No creo, sin embargo y a pesar de los virtuales efectos, que estemos ante horizontes ejemplares para el hombre, escenarios recomendables o transferibles. Y si estos no lo son, menos lo serán las perspectivas de vida que encierran severas discapacidades que inhabilitan o siegan potenciales aptitudes humanas. Por más que quiera embellecerse la discapacidad o minusvalía –también regularizarse lo singular o convertir lo menor en mayor–, lo cierto es que el ejercicio de aferrarse y obstinarse en su recurrencia, en vindicarlas, publicitarlas, celebrarlas y no digamos imponerlas sin el consentimiento de otros, acaba desencadenando una práctica imprudente, excéntrica, criminosa y cruel.

De este manera, el discurso apasionado de la diferencia se excita con facilidad y promueve argumentos henchidos de resentimiento{7} y hasta de racismo:

«Algunos dicen que no deberíamos haber tenido hijos con esa minusvalía [luego reconoce la minusvalía. FRG]. Pero también los negros tienen más dificultades sociales que los blancos. ¿Impide eso que mujeres blancas elijan inseminarse de un hombre negro, si quieren? Todas las opciones deben mantenerse abiertas.»{8}

Ahí queda dicho, por boca de miss McCullogh: si la sordera supone, después de todo, una minusvalía, el ser de raza negra, lo mismo. Todas las posibilidades, asevera, son… posibles. Mas ¿en verdad no tiene límite la convicción y la vindicación de la discapacidad o minusvalía, la exaltación de la diferencia, esta nueva y patética versión del orgullo del pobre? ¿No es posible ponerle límite?

Notas

{1} En un célebre ensayo que examina las virtualidades del homo videns, Giovanni Sartori opone el concepto «animal vidente» al de «animal simbólico» para dar cuenta de cómo el hombre actual de las sociedades modernas se aparta perjudicialmente de su condición natural: Homo videns. La sociedad teledirigida, Madrid, Taurus, 1998, pág. 26.

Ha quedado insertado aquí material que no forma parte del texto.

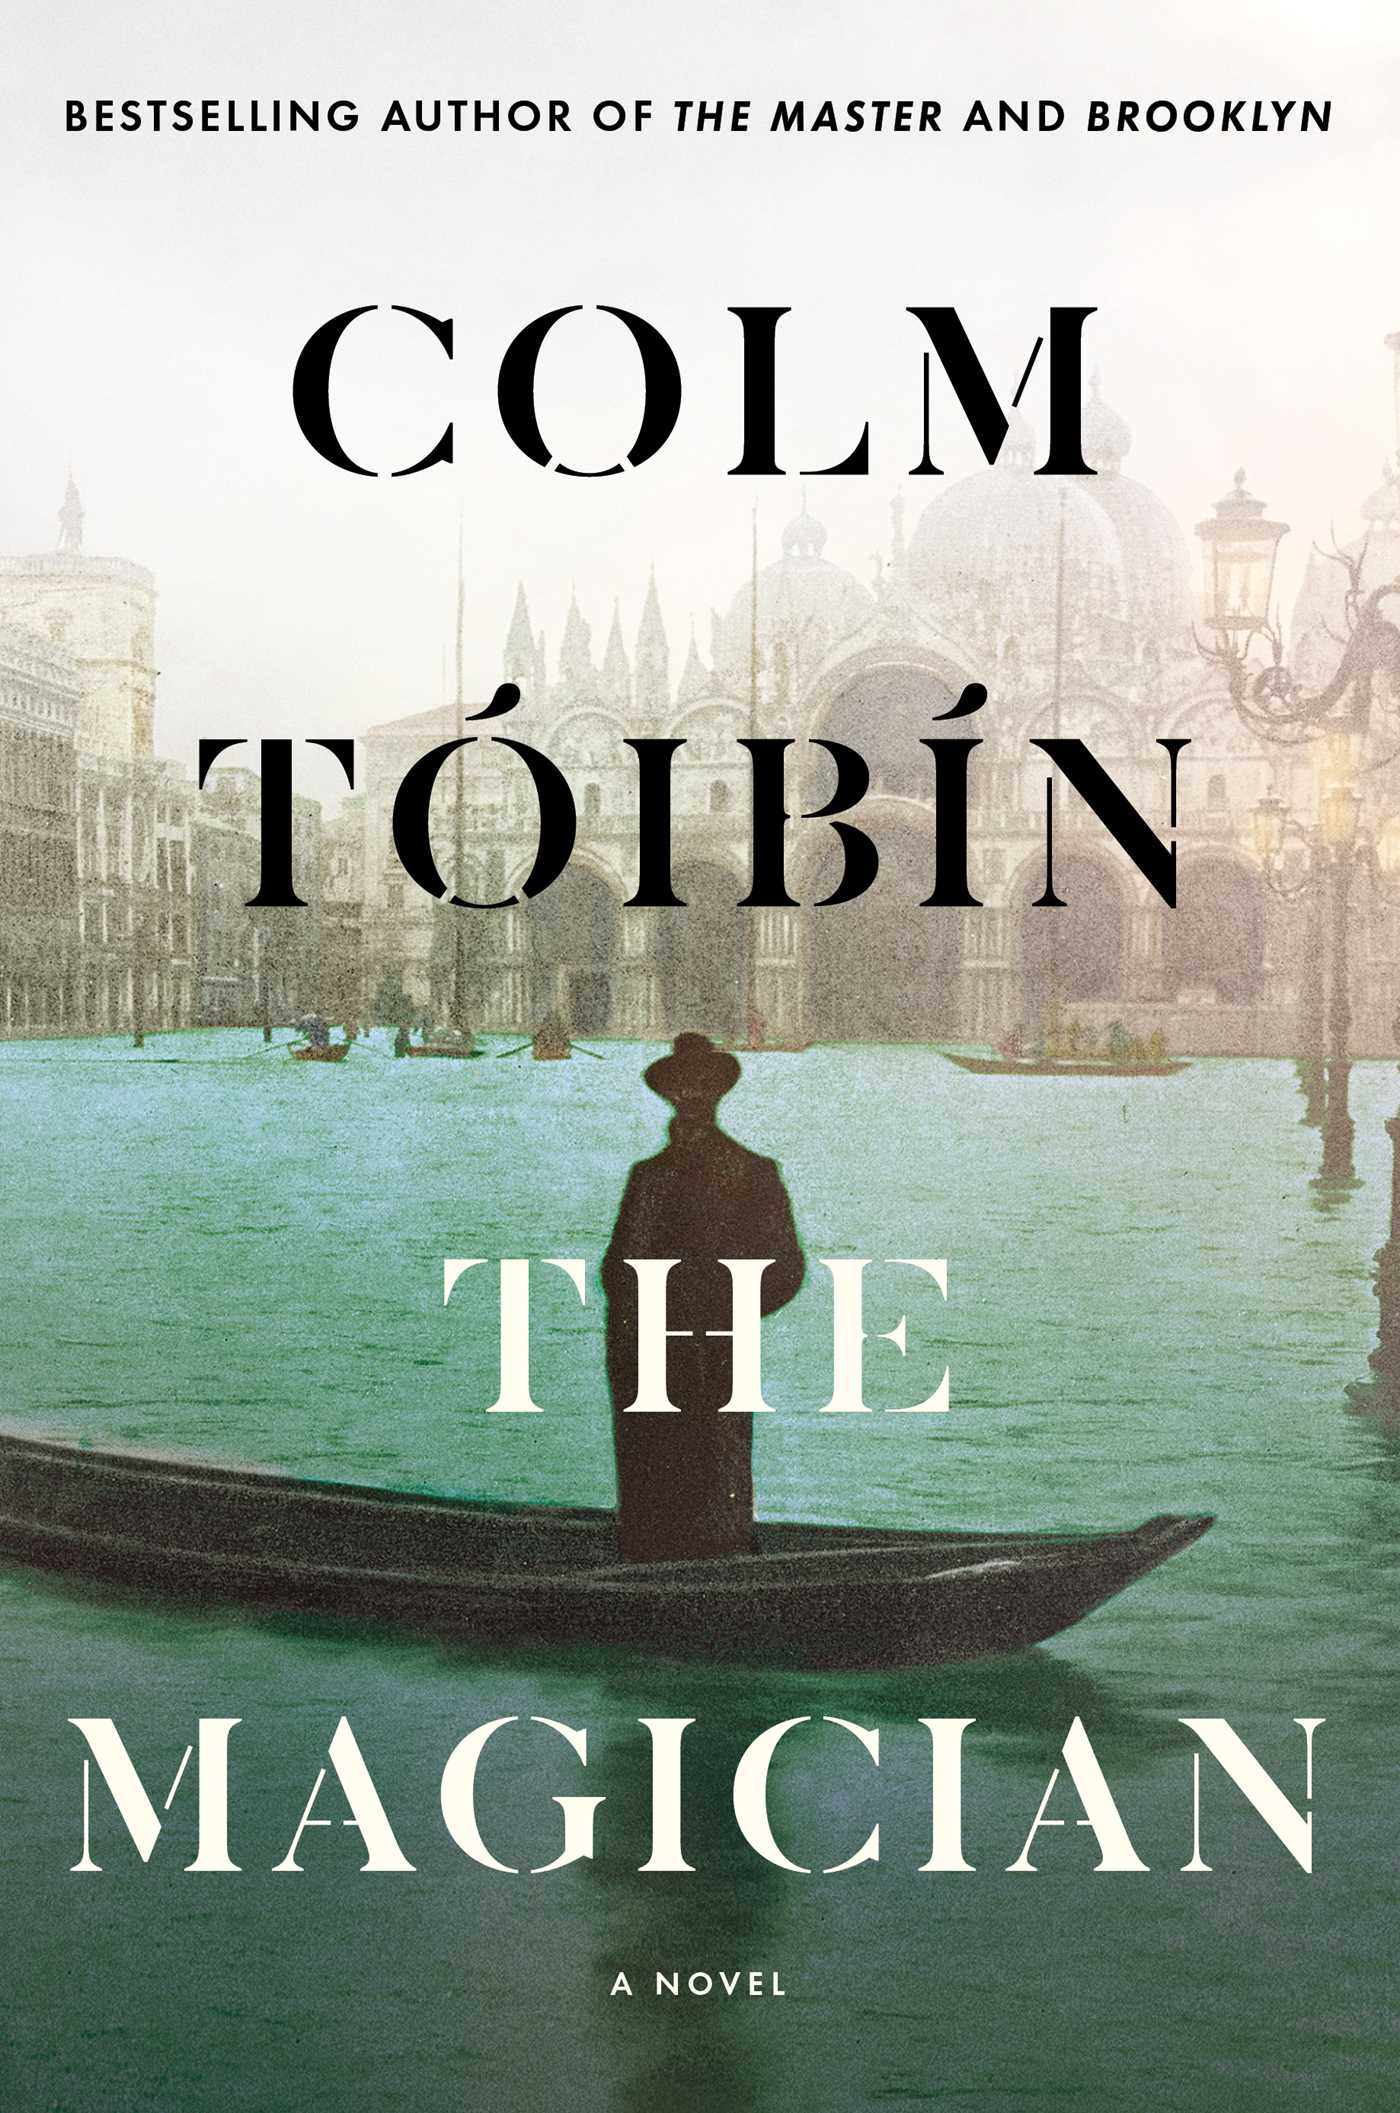 Image of the book cover of the novel The Magician by Colm Toibin featuring muted colors and a dark figure of a man in a hat and long coat standing in a gondola surrounded by architecturally beautiful buildings on what appears to be the waterways in Venice, Italy. Beautiful ar

{2} Citado por Sartori en ibíd.

{3} El País, 9 de abril de 2002.

{4} Véase el comunicado «¿Sordera por encargo?» de Felisa Pino, coordinadora de la Comisión de Cultura, Información y difusión de la CNSE (Confederación Nacional de Sordos de España).

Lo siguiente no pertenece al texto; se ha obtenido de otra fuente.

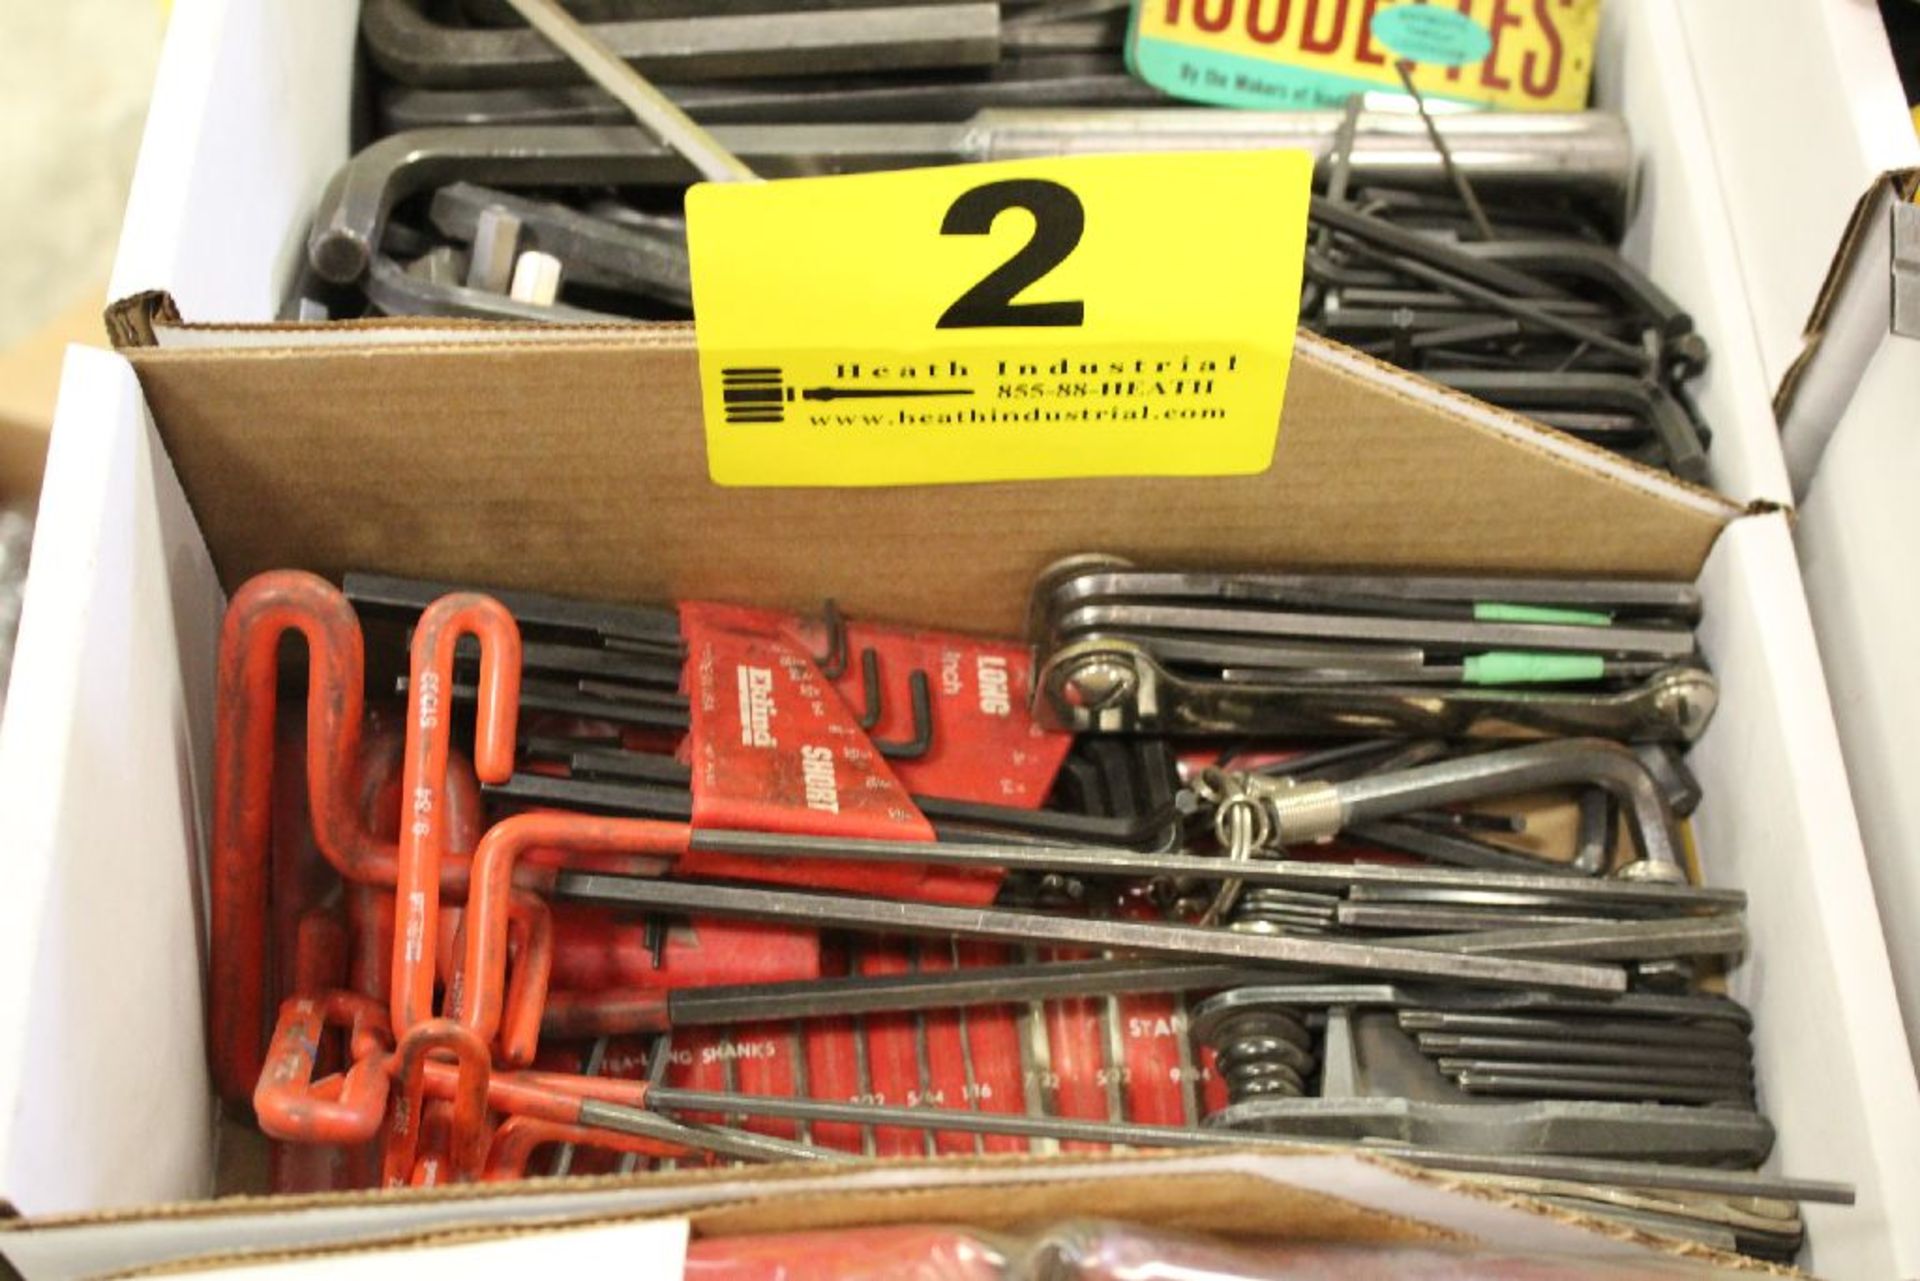 ASSORTED T-HANDLE HEX KEYS IN BOX

{5} Véase mi «Afecto y afectación en la simpatía. ¿Lleva el movimiento simpatizador a ponerse en el lugar del otro?, en Télos. Revista Iberoamericana de Estudios Utilitaristas, Santiago de Compostela, volumen IX, número 2, diciembre 2000, págs. 43-55. Asimismo, En el lugar del otro: http://nodulo.org/ec/2006/n052p07.htm

{6} También existe, por ejemplo, la escritura braille, diseñada para personas ciegas, la cual nadie aún, que yo sepa, ha vindicado como identidad sociocultural que haya que amparar y extender en sustitución de las otras escrituras y lenguas de uso.

{7} No hay duda de que anida mucho resentimiento, junto a odiosas comparaciones, en la siguiente declaración de una mujer americana sorda, miss McCullogh, impedida para usar el idioma inglés hablado, lingua franca en todo el mundo: «Las personas sordas no son más inválidos que alguien que habla francés, italiano o japonés. Hay por todas partes obviamente límites: como cuando usted se detiene en la calle o compra algo de una tienda. Pero usted acepta que hay límites tanto cuando se encamina fuera del mundo sordo como en el mundo oyente – justamente lo que hacen los que oyen cuando van al extranjero–»

{8} El País, loc. cit., véase nota 3.